I'm trying to use dills' dill.detect.trace(True)
functionality - which prints a trace during pickling - to find out why my unpickling process is so slow. I haven't found a way to output the trace for unpickling, but I am assuming this is more or less the 1-to-1 reverse process of pickling, and that inspecting the pickling trace should thus reveal bottlenecks which also hold for unpickling.

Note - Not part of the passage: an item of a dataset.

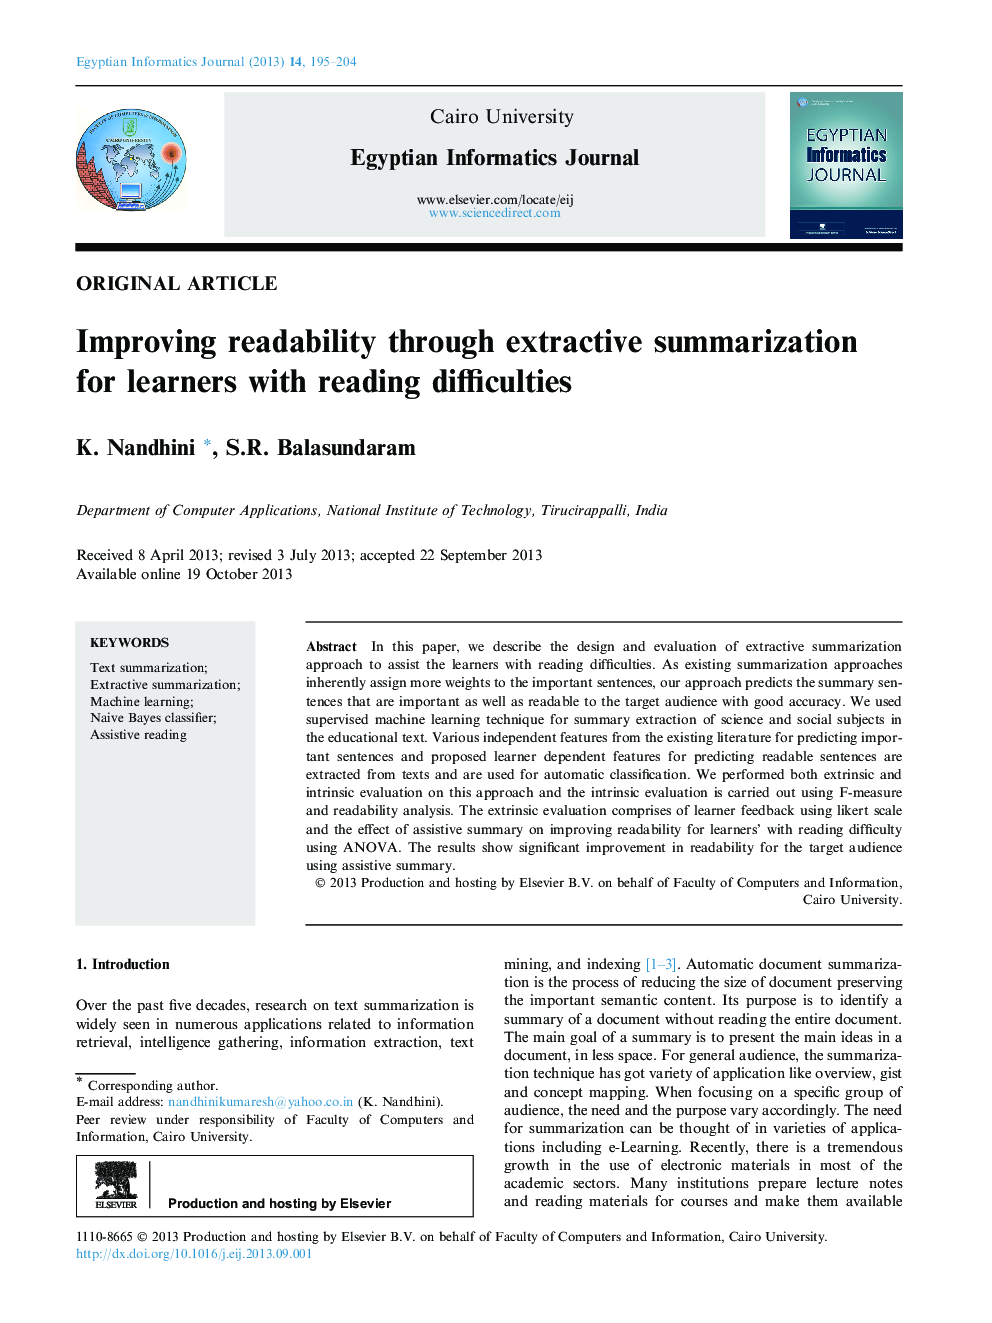 Improving readability through extractive summarization for learners with reading difficulties

I don't know how to interpret its output, however. For example:
T4: <class 'foo_package.base.model.BarModel'>
# T4
D2: <dict object at 0x7f7de3832800>
T4: <class 'pathlib.PosixPath'>
# T4
T4: <class 'foo_package.some_module.Bar'>
# T4
D2: <dict object at 0x7f7d206273c0>
T4: <class 'some_package.some_module.Bar.options.SessionOptions'>
# T4
D2: <dict object at 0x7f7d20384040>
T4: <enum 'ModelType'>
# T4
T4: <enum 'SomeOtherEnum'>
# T4
# D2
D2: <dict object at 0x7f7d206b9ac0>
# D2
T4: <class 'some_package.some_other_module.XyzzyObject'>
# T4
D2: <dict object at 0x7f7d206cb100>
###... and so on...
How should one interpret D2
and T4
? And what do the #
prefixes mean? Can hints be found on the existence of cyclical references/deeply nested structures which increase (de)serialization time?
Dills documentation on the trace
function merely states:
trace(boolean)
print a trace through the stack when pickling; useful for debugging
Further context: (lowering risk of XY problem)
I'm using dill to store a partial state of a python program's instances in order to save an analytical model.
(Un)pickling has become very slow over time, and I'm trying to identify the cause.
I have already delegated storage of objects with dedicated serialization methods (e.g. numpy/pyarrow/pandas objects) to other serialization methods using __getstate__
and __setstate__
for objects containing significant amounts of data. This helped a little, but it still takes 1 to 2 minutes to deserialize, which slows down the debugging process quite a lot.
I'm the dill author. This is copied from the README on GitHub and PyPI...
To aid in debugging pickling issues, use dill.detect which provides tools like pickle tracing::
>>> import dill.detect
>>> dill.detect.trace(True)
>>> f = dumps(squared)
F1: <function <lambda> at 0x108899e18>
F2: <function _create_function at 0x108db7488>
# F2
Co: <code object <lambda> at 0x10866a270, file "<stdin>", line 1>
F2: <function _create_code at 0x108db7510>
# F2
# Co
D1: <dict object at 0x10862b3f0>
# D1
D2: <dict object at 0x108e42ee8>
# D2
# F1
>>> dill.detect.trace(False)
With trace, we see how dill
stored the lambda (F1
) by first storing
_create_function
, the underlying code object (Co
) and _create_code
(which is used to handle code objects), then we handle the reference to
the global dict (D2
). A #
marks when the object is actually stored.